▶ **SOURCE DATA**
=== Begin Enclosure ===

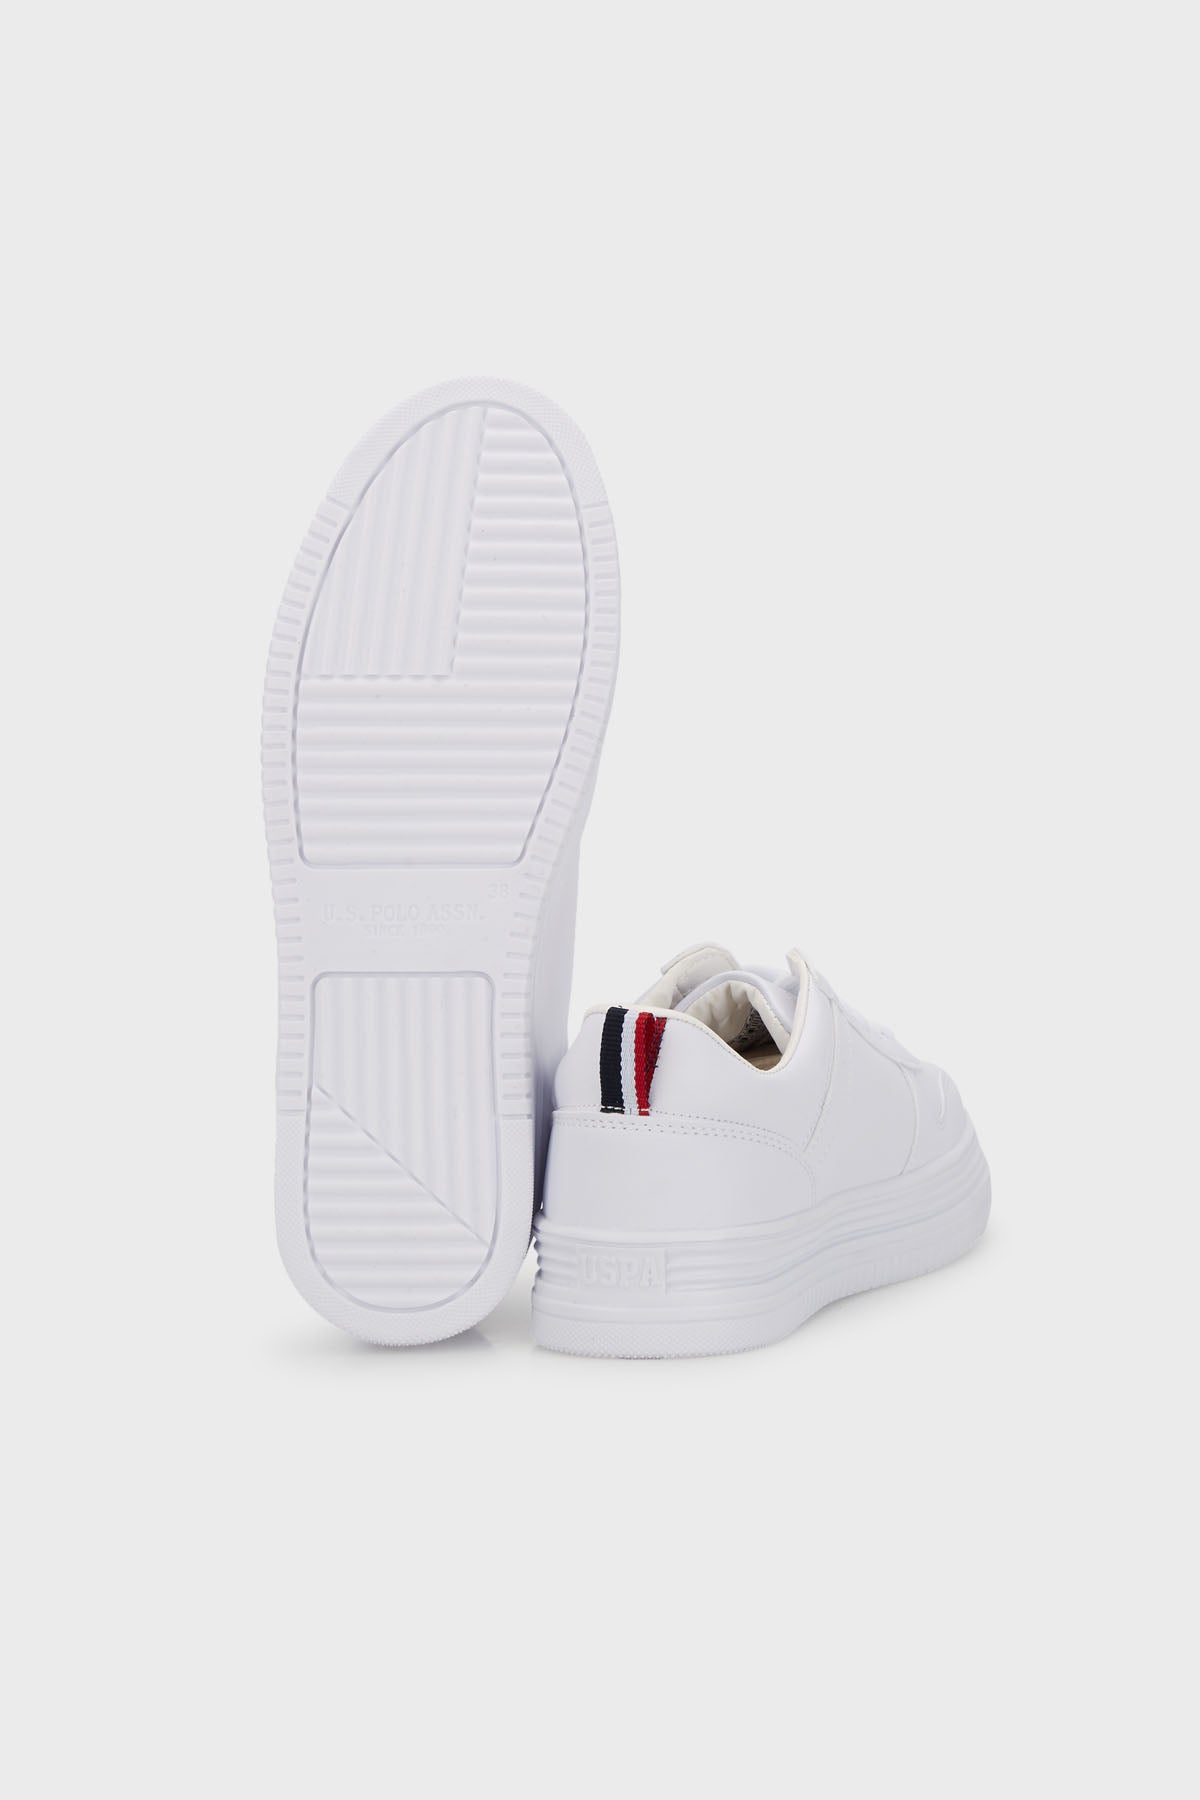 U.S. Polo Assn Sneaker Bayan Ayakkabı SURI 3FX BEYAZ
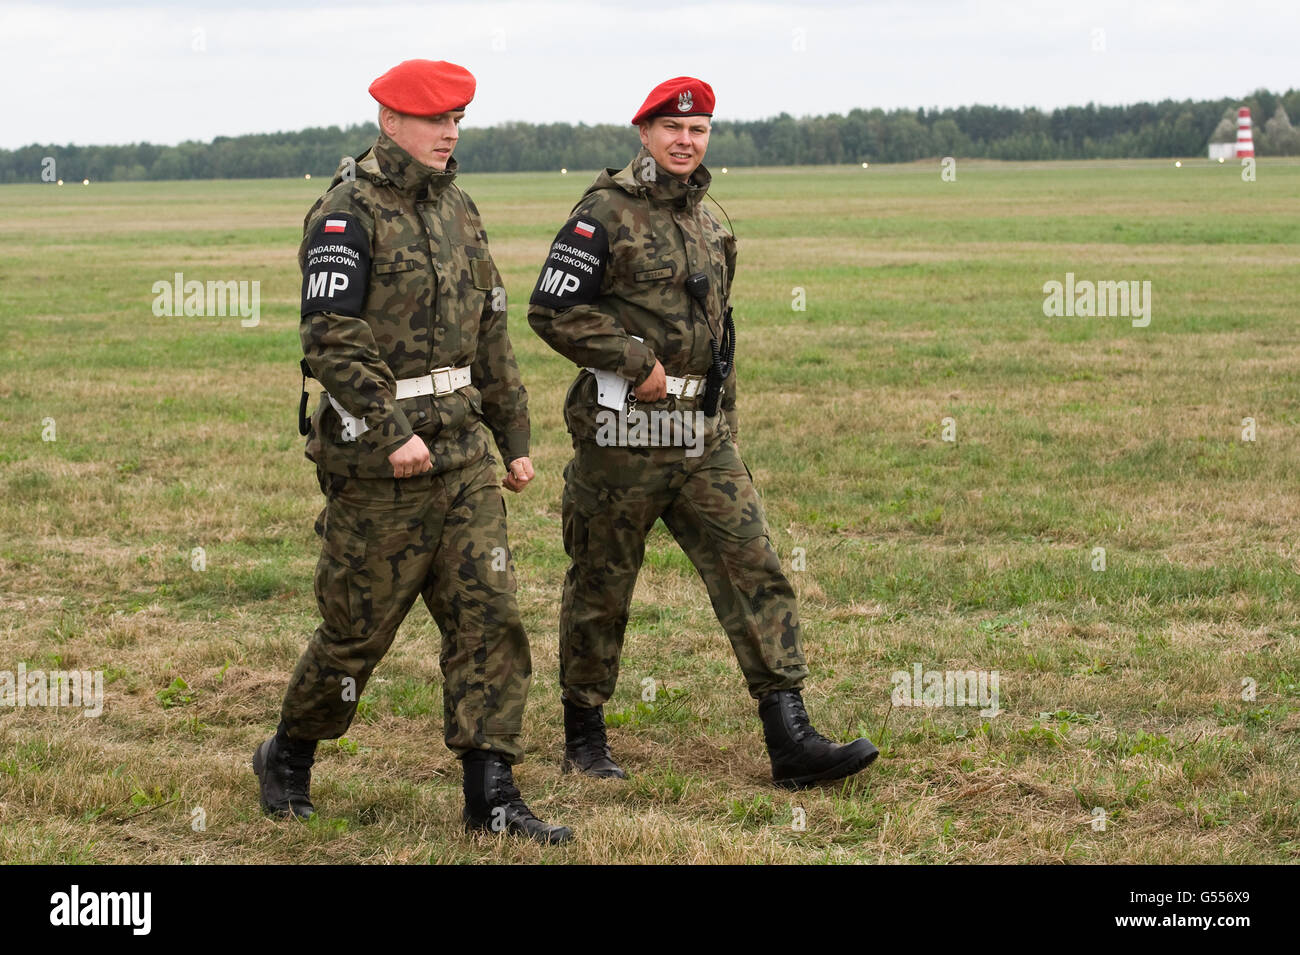 Lask, Polonia. 26 de septiembre de 2015. Dos soldados de la policía militar polaco ilustra a la 32ª Base Aérea en Lask, Polonia. ©Marcin Ro Foto de stock
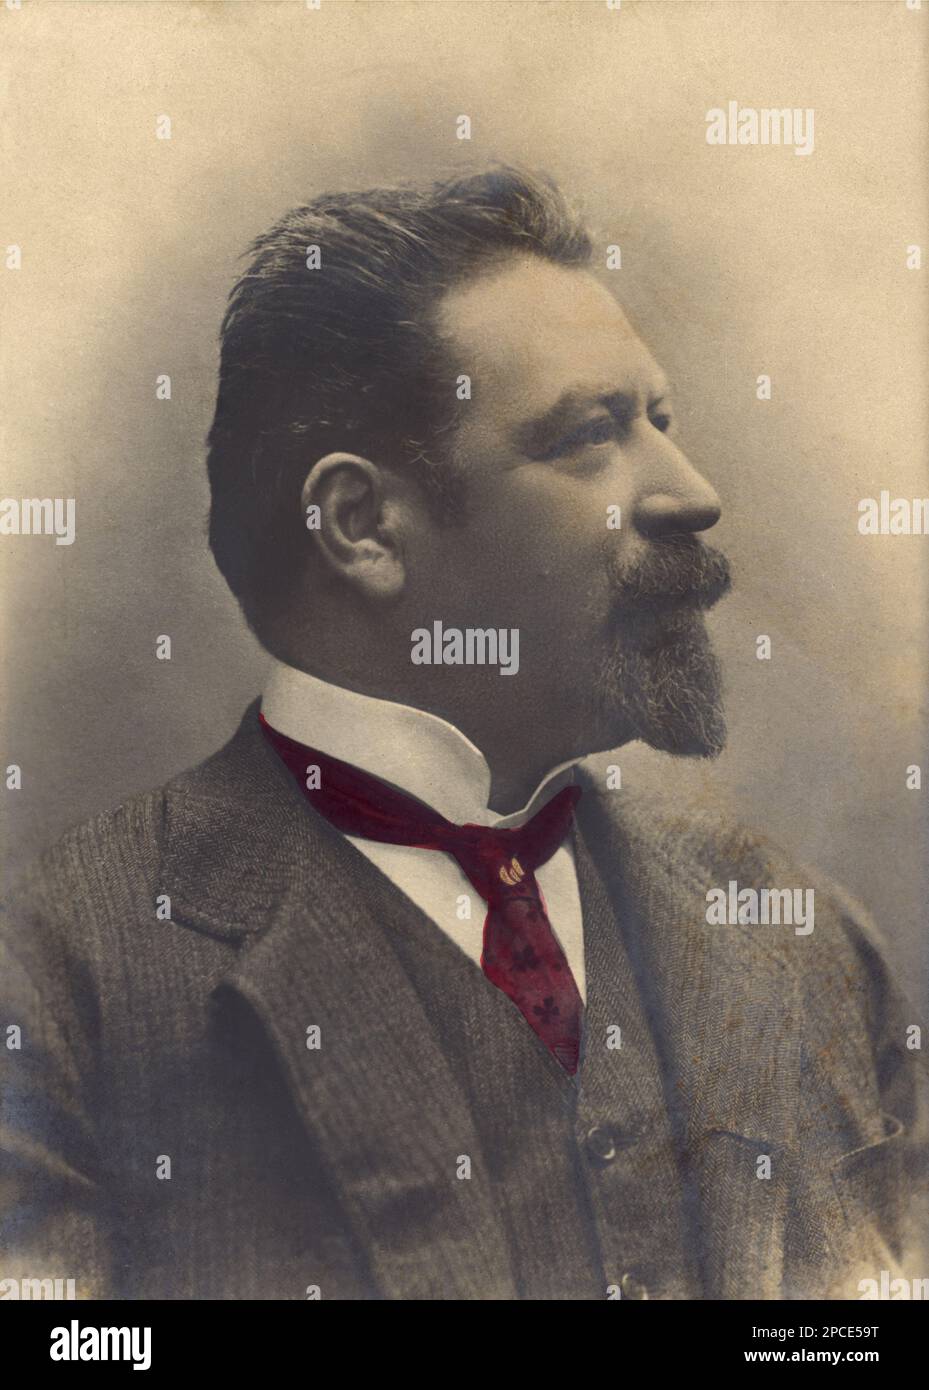 1900 Ca, ITALY : El célebre cantante italiano tenore FRANCESCO TAMAGNO ( 1850 - 1905 ). El tenor dramático más famoso de su edad. Mejor conocido como el creador de Giuseppe Verdi 's OTELLO . - CANTANTE LIRICA - ÓPERA - MÚSICA CLÁSICA - clásica - Teatro - teatro - teatro - teatro - retrato - ritratto - cantante lirico - clásica - collar - colletto - profilo - perfil - BARBA - corbata - cravatta ---- Archivio GBB Foto de stock
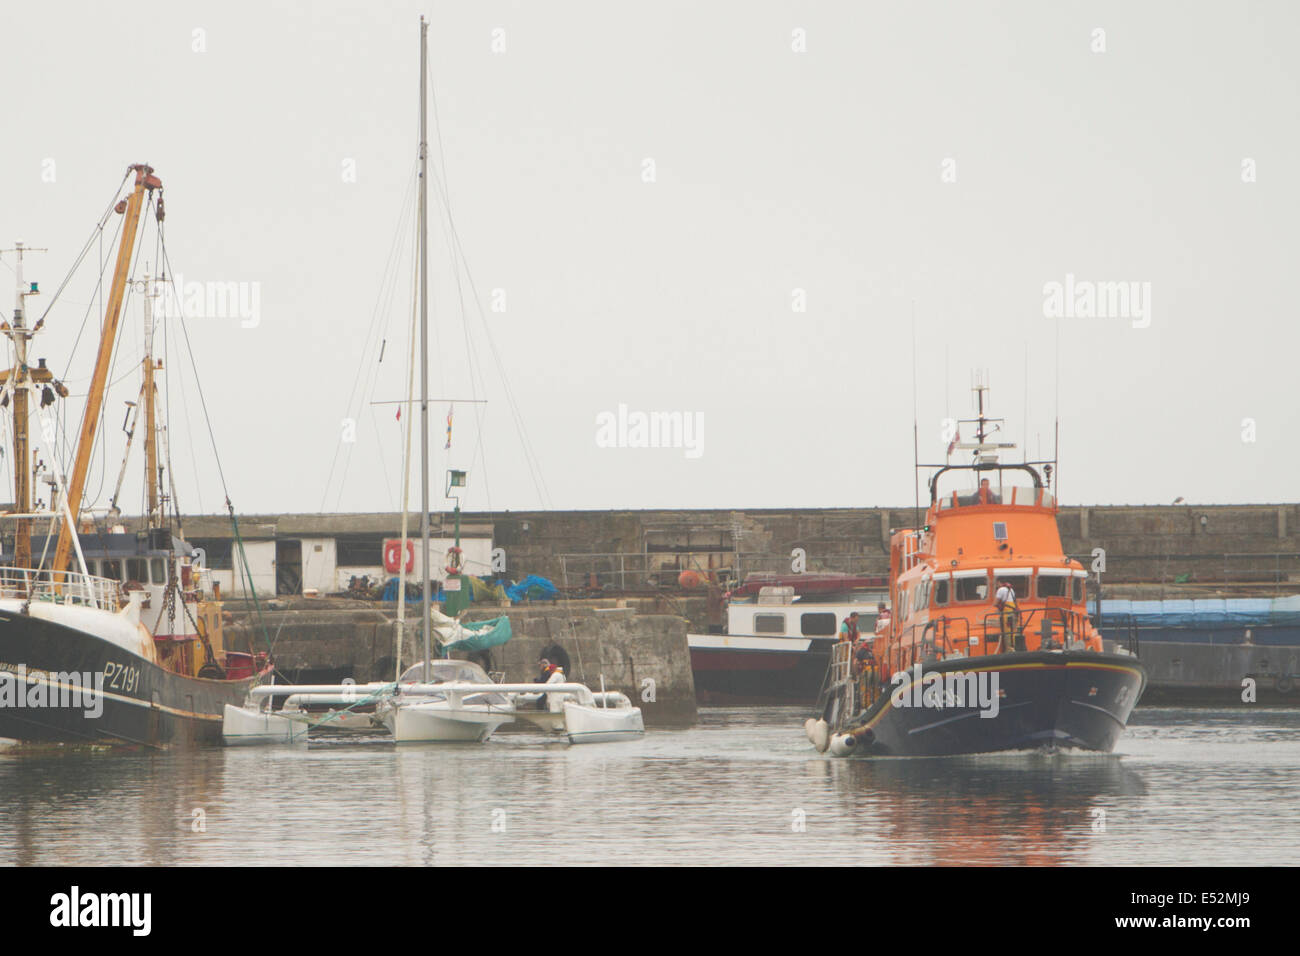 Newlyn, UK. 18 juillet, 2014. L'embarcation de Penlee remorque une trimaran de 30 pieds dans le port de Newlyn après un temps orageux overnigh Crédit : © Ashley Hugo/Alamy Live News Banque D'Images

=== End Enclosure ===

▶ **TASK OBJECTIVE**
Once the pictures are removed, copy the listing exactly.

▶ **RESPONSE AREA**
 U.S. Polo Assn Sneaker Bayan Ayakkabı SURI 3FX BEYAZ
 Lask, Polonia. 26 de septiembre de 2015. Dos soldados de la policía militar polaco ilustra a la 32ª Base Aérea en Lask, Polonia. ©Marcin Ro Foto de stock
 1900 Ca, ITALY : El célebre cantante italiano tenore FRANCESCO TAMAGNO ( 1850 - 1905 ). El tenor dramático más famoso de su edad. Mejor conocido como el creador de Giuseppe Verdi 's OTELLO . - CANTANTE LIRICA - ÓPERA - MÚSICA CLÁSICA - clásica - Teatro - teatro - teatro - teatro - retrato - ritratto - cantante lirico - clásica - collar - colletto - profilo - perfil - BARBA - corbata - cravatta ---- Archivio GBB Foto de stock
 Newlyn, UK. 18 juillet, 2014. L'embarcation de Penlee remorque une trimaran de 30 pieds dans le port de Newlyn après un temps orageux overnigh Crédit : © Ashley Hugo/Alamy Live News Banque D'Images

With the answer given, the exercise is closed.